Its diet includes rodents such as prairie dogs, ground squirrels and mice, together with jackrabbits and cottontails and other mammals. The fox will also eat reptiles, amphibians, fish, birds and insects.
As well as capturing its own prey, the swift fox will also feed on carrion.
Swift Fox Predators
The main predator of the swift fox is the coyote. Coyotes will often kill swift foxes without eating them as a means of limiting competition for resources.
Other known predators of the swift fox include the American badger, golden eagle, horned owl and bobcat.
The swift fox is usually out-competed by the red fox in areas where both species are present.
Swift Fox Life Cycle
Towards the northern parts of the species’ range, the swift fox’s breeding season begins in February and March, with pups being born in April and May. In the southern United States, breeding begins as early as late December with pups being born in March.
The species’ gestation period ranges from 50 to 60 days. Litters range in size from 2 to 6 pups, with the average litter size being 4.5 pups.

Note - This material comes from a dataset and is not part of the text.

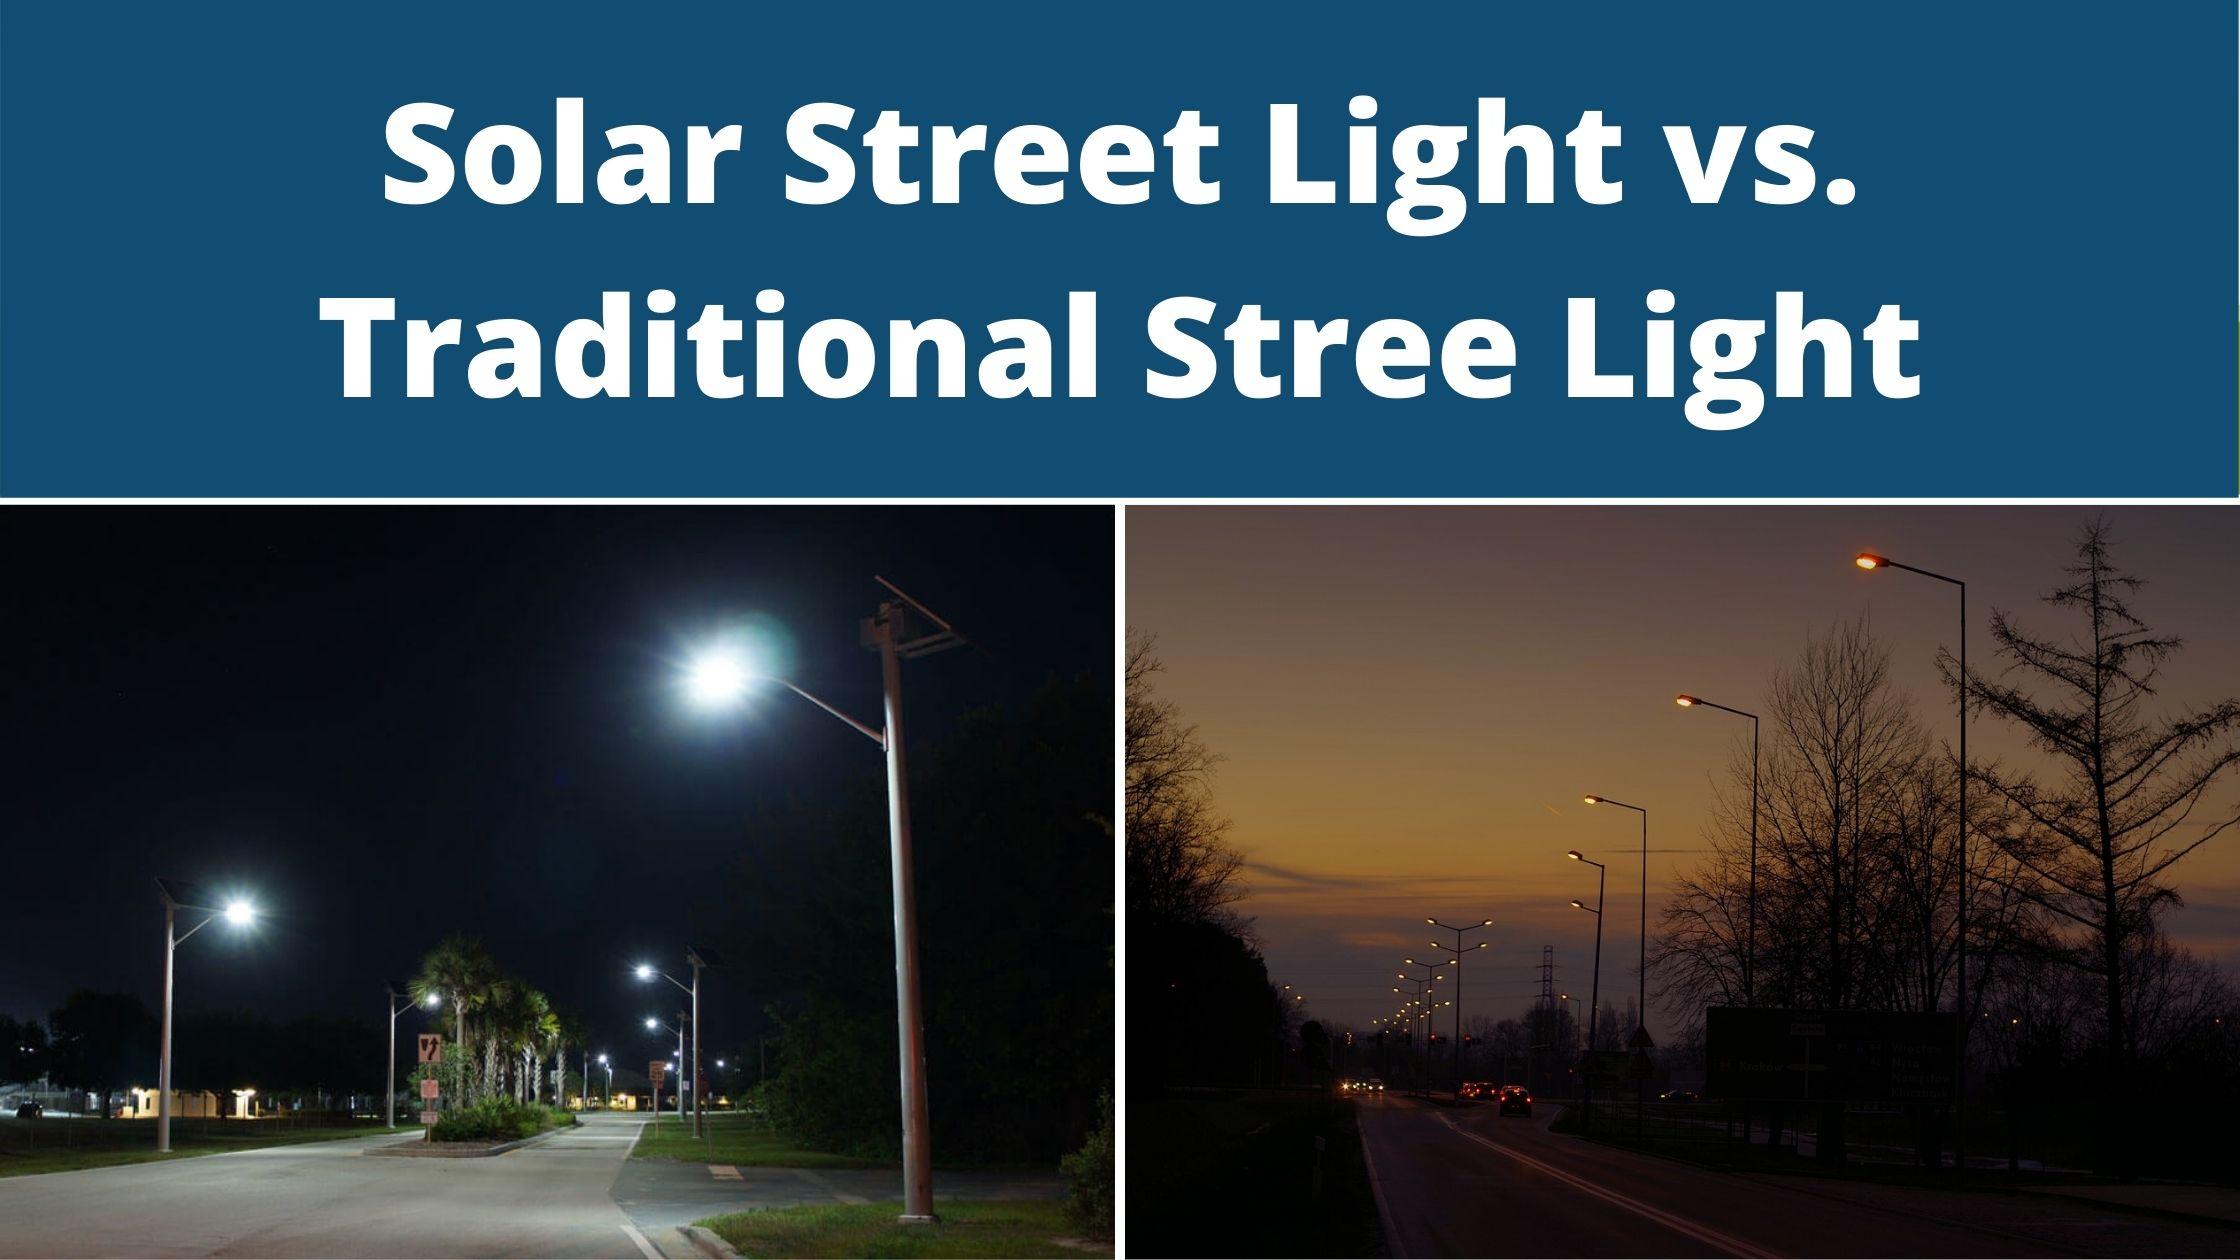 Solar Street Light vs. Traditional Stree Light

Swift fox pups are born blind and are completely dependent on their mother for the first few weeks of their lives. They are weaned at 6 to 7 weeks of age and will stay with their parents for around 6 months.
Males begin to breed after their first year, while females raise their first family after two years.
Is The Swift Fox Endangered?
The conservation status of the swift fox is currently ‘Least Concern’ and its population is thought to be stable.
Sadly, this has not always been the case. During the late 19th and early 20th centuries the swift fox was persecuted almost to extinction in many parts of its range.
Although the species wasn’t directly targeted, it fell victim to predator control schemes intended to reduce numbers of coyotes and gray wolves.
The swift fox was extirpated from several US states, including Oklahoma, Kansas, Montana and Nebraska, by the early 20th century. The swift fox was extirpated entirely from Canada by 1938.
Conservation schemes in the United States saw the species make a resurgence in many locations.
The swift fox was re-introduced in Canada in a scheme named the Canadian Swift Fox Reintroduction Programme, which ran from 1972 to 1997. (Source)
The scheme saw 932 swift foxes, 841 of which had been raised in captivity specifically for the project, being released in the Canadian Prairies between 1983 and 1997.
The scheme was a success, and today the swift fox is once again resident in Canada.
Despite these successes, the swift fox is only present in around 40% of its original range.